**DESCRIPTION OF THE TASK**. Please, could you print all the lines below exactly, leaving out the pictures?

**DATASET EXTRACT**.
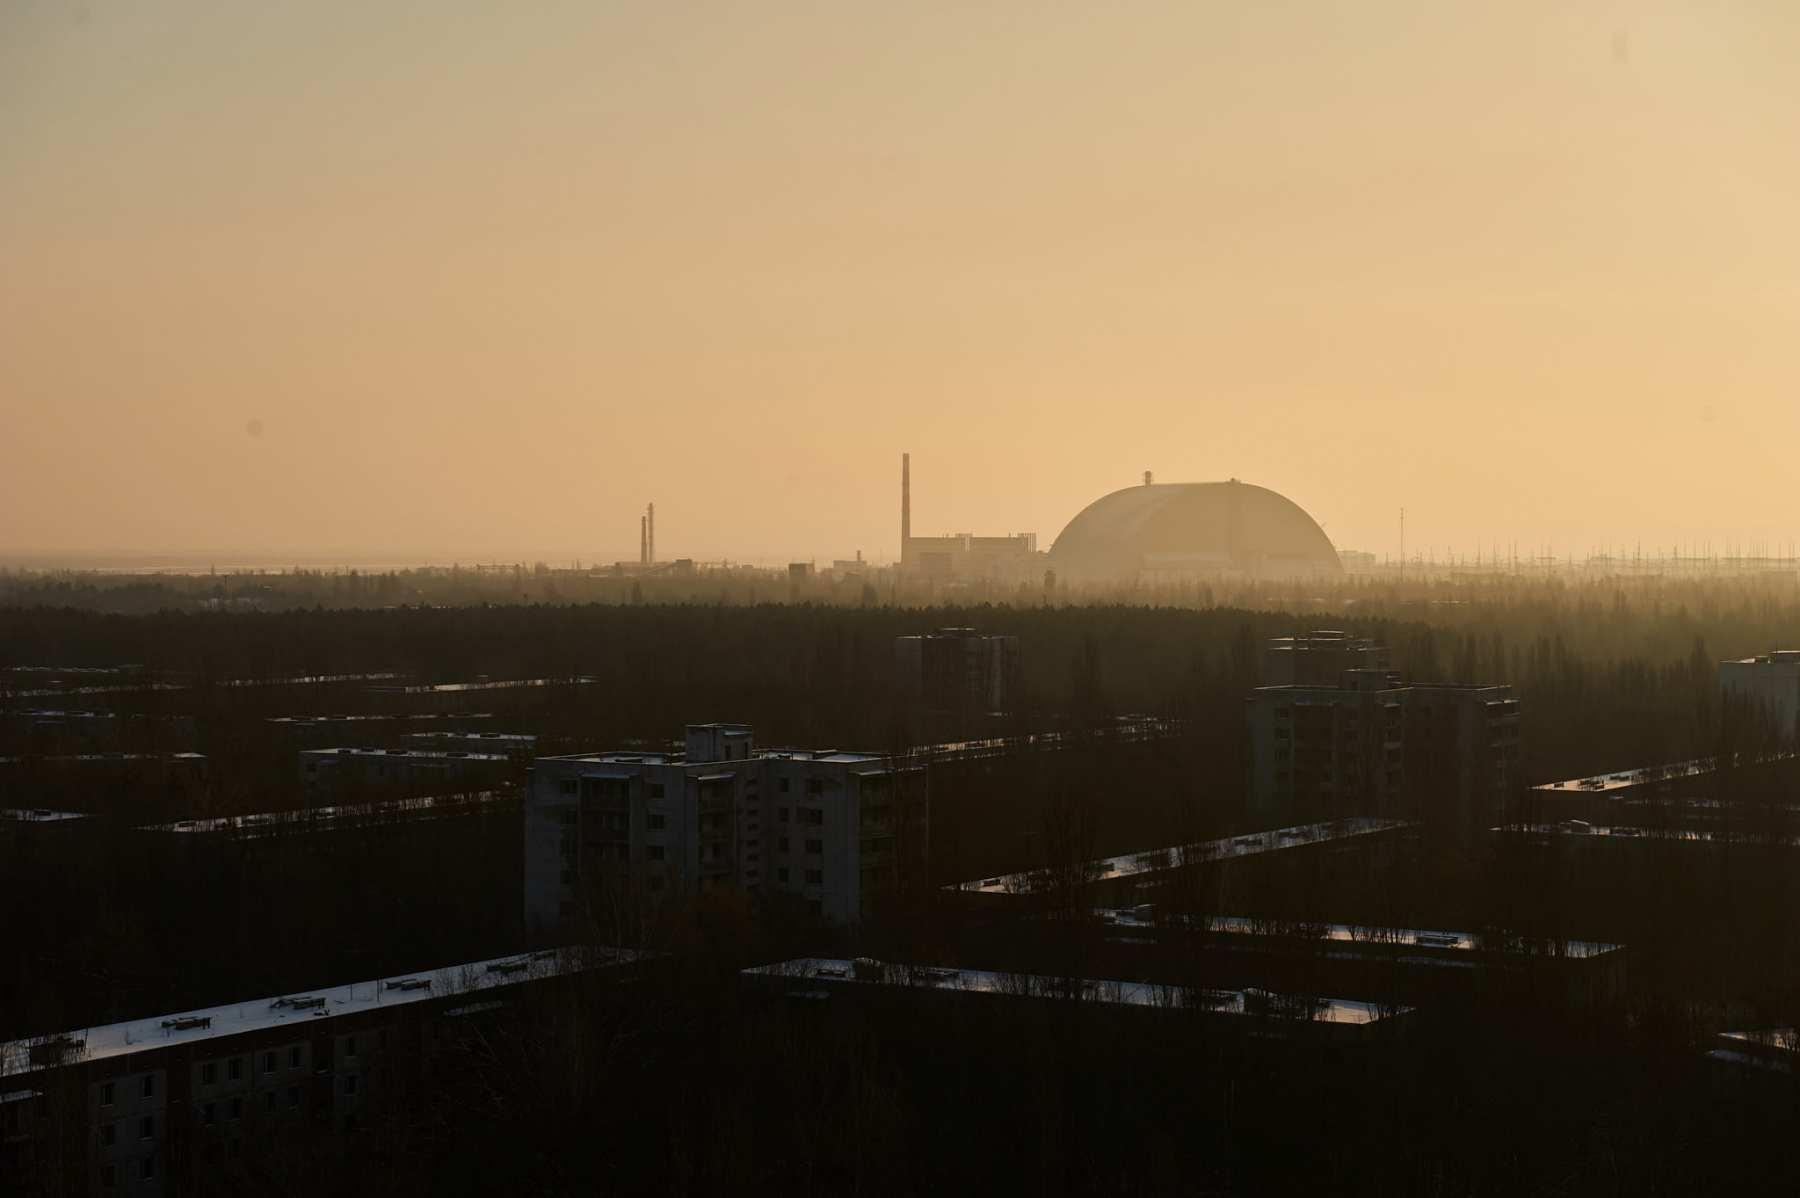 Czarnobyl_p1_025
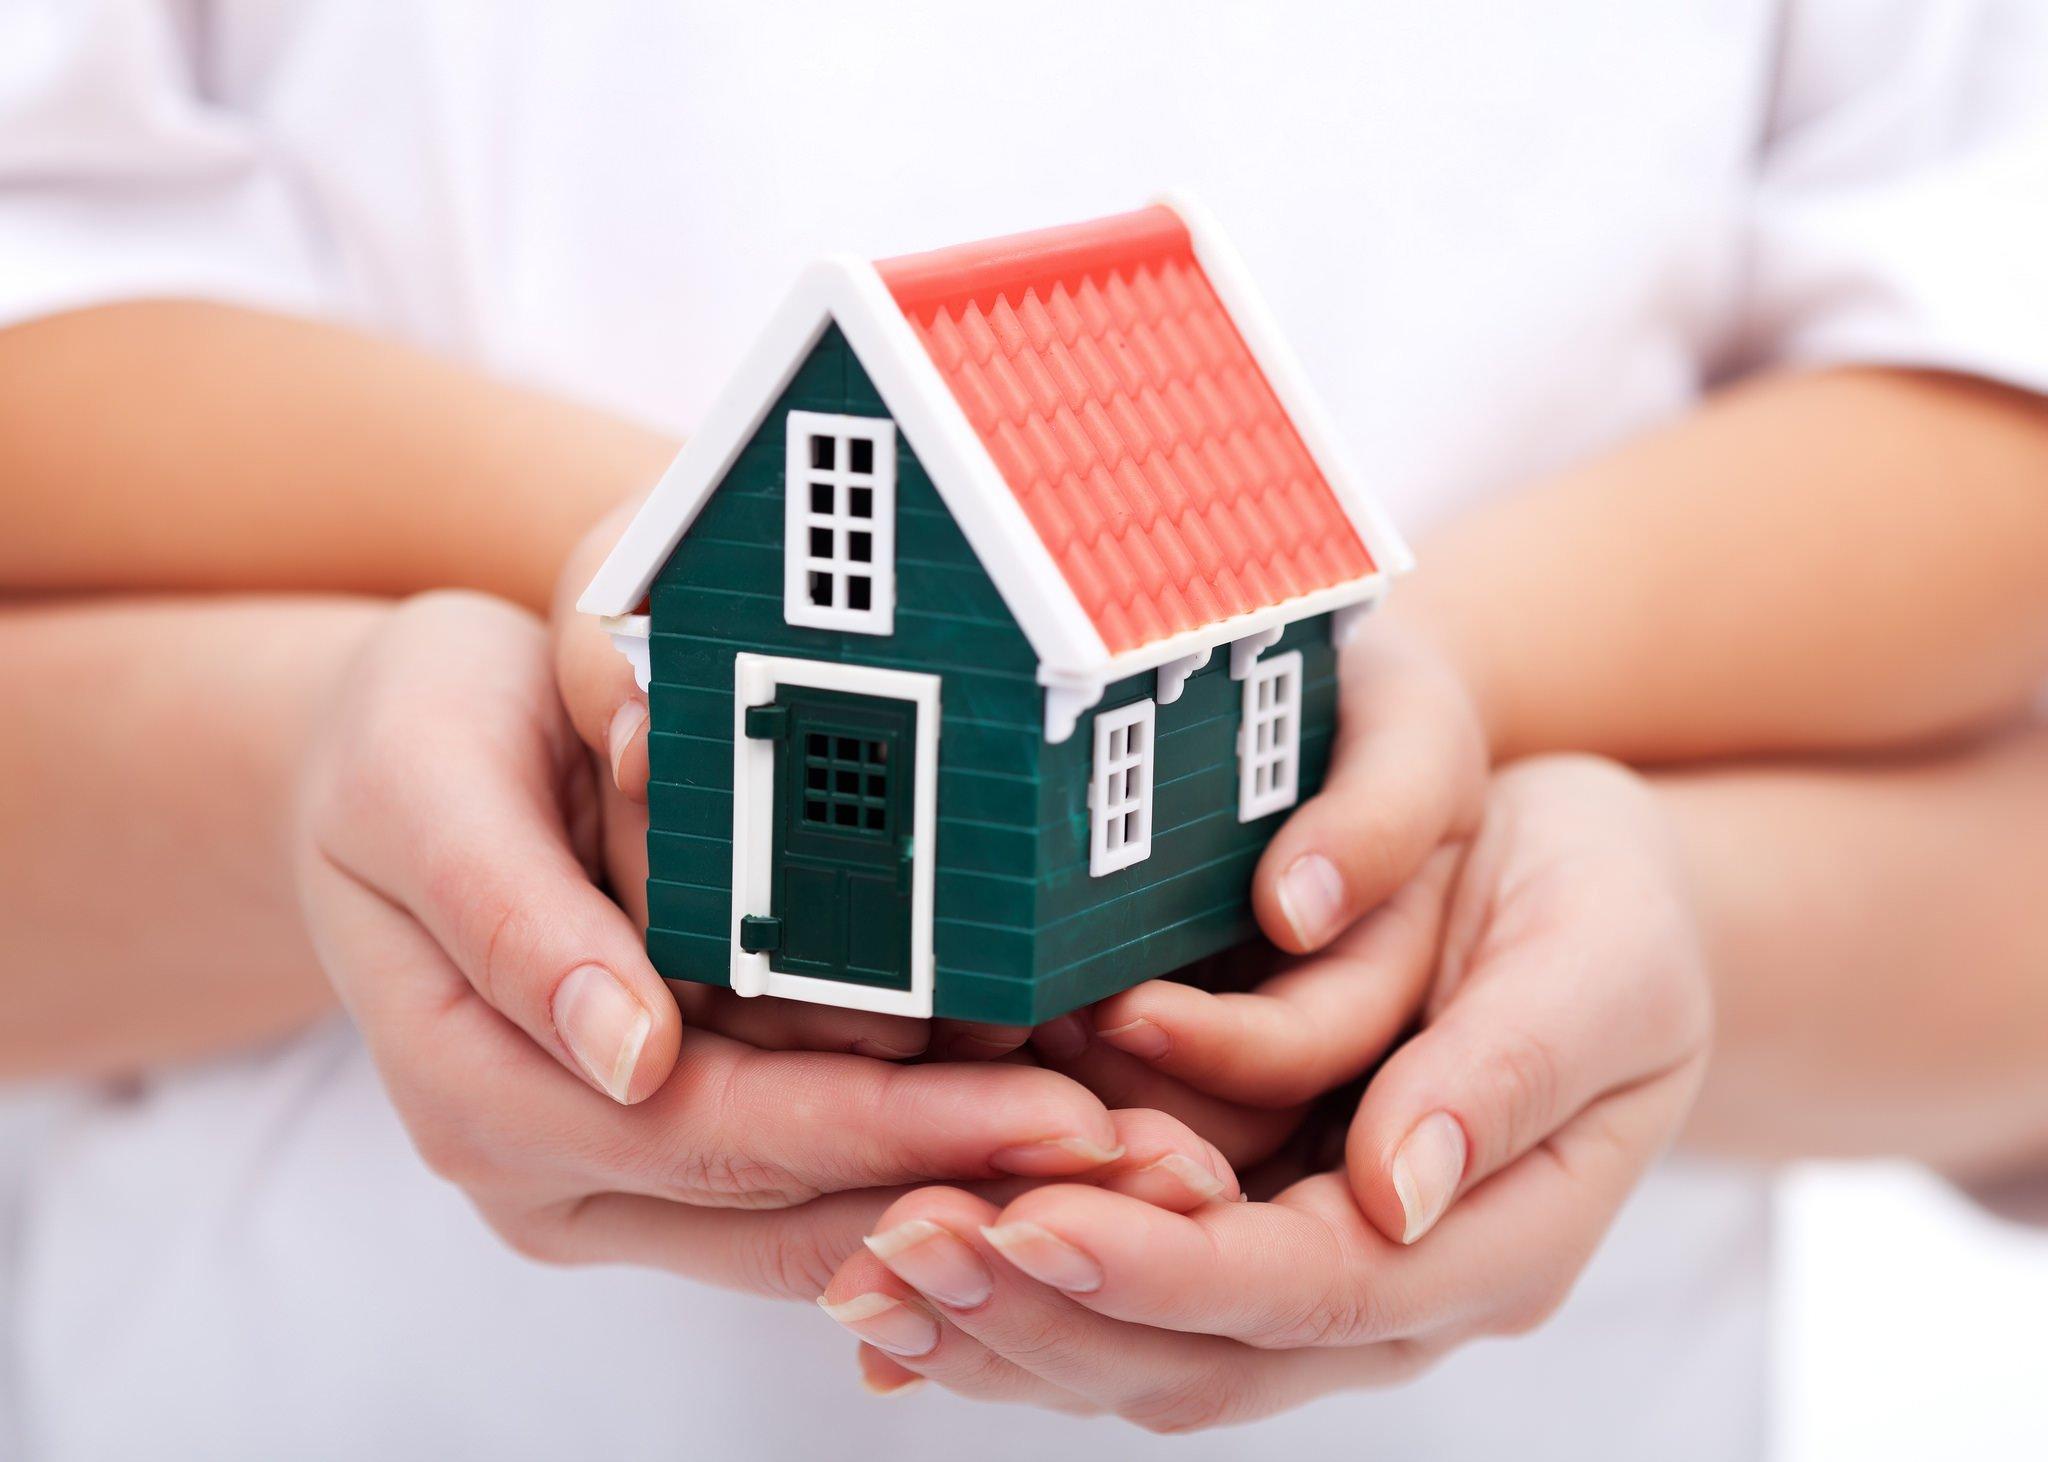 Antifurto e videosorveglianza per la tua casa elettron - Antifurto casa 365 ...
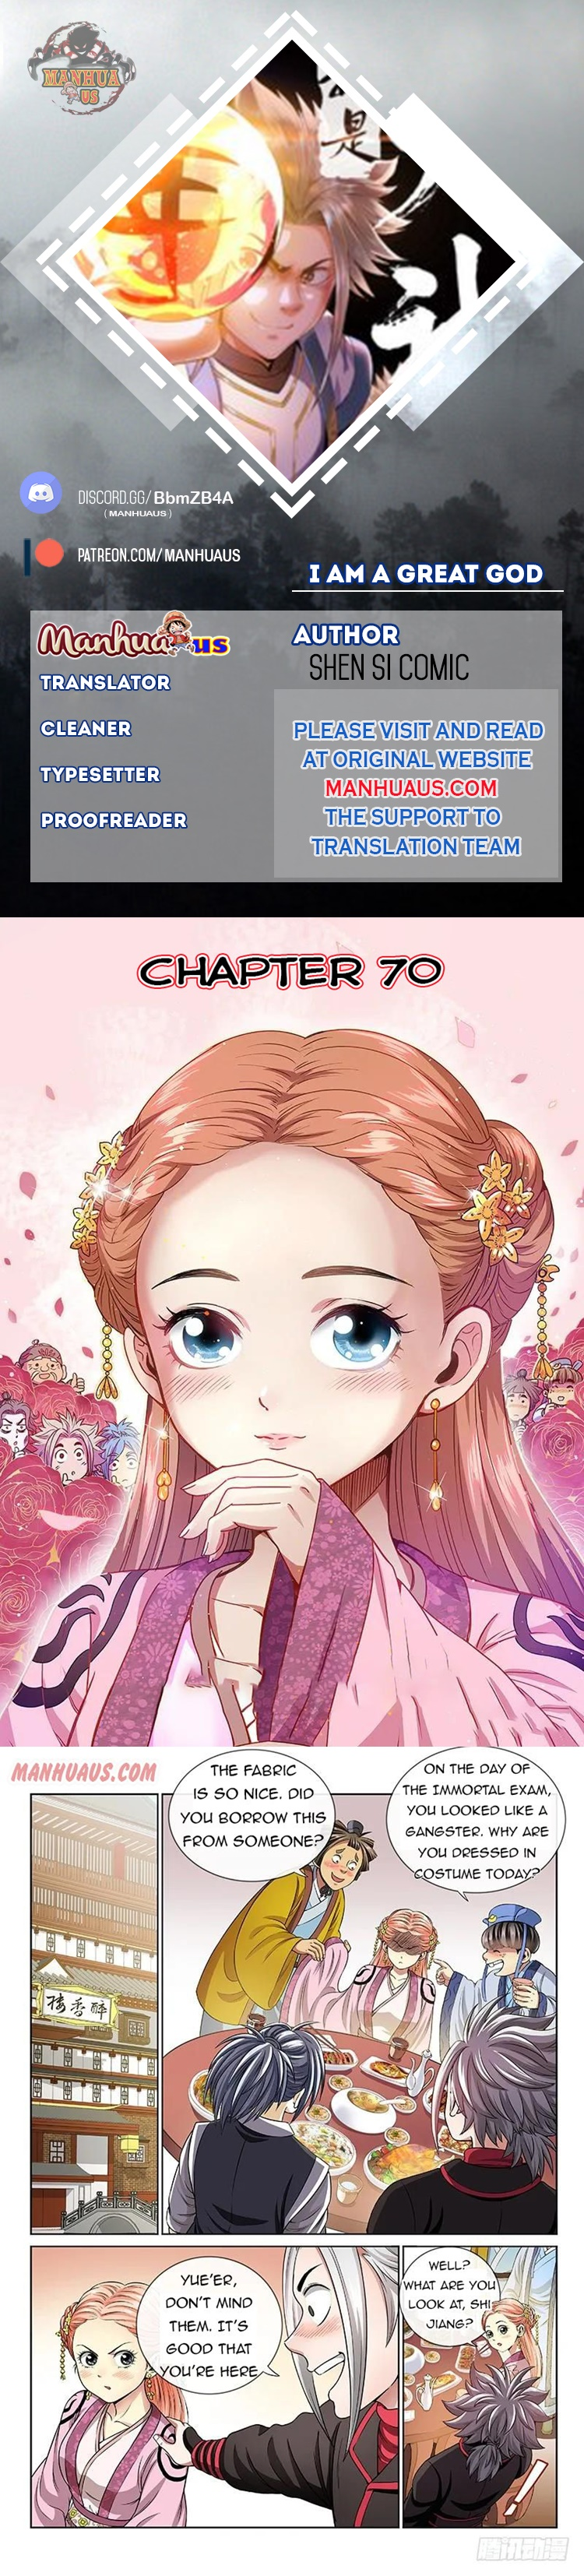 https://manga.mangadogs.com/comics/pic4/4/21124/2823101/0765300372d04032ca2d6d8b4ae35e63.jpg Page 1

**RESPONSE**.
 Czarnobyl_p1_025
 Antifurto e videosorveglianza per la tua casa elettron - Antifurto casa 365 ...
 https://manga.mangadogs.com/comics/pic4/4/21124/2823101/0765300372d04032ca2d6d8b4ae35e63.jpg Page 1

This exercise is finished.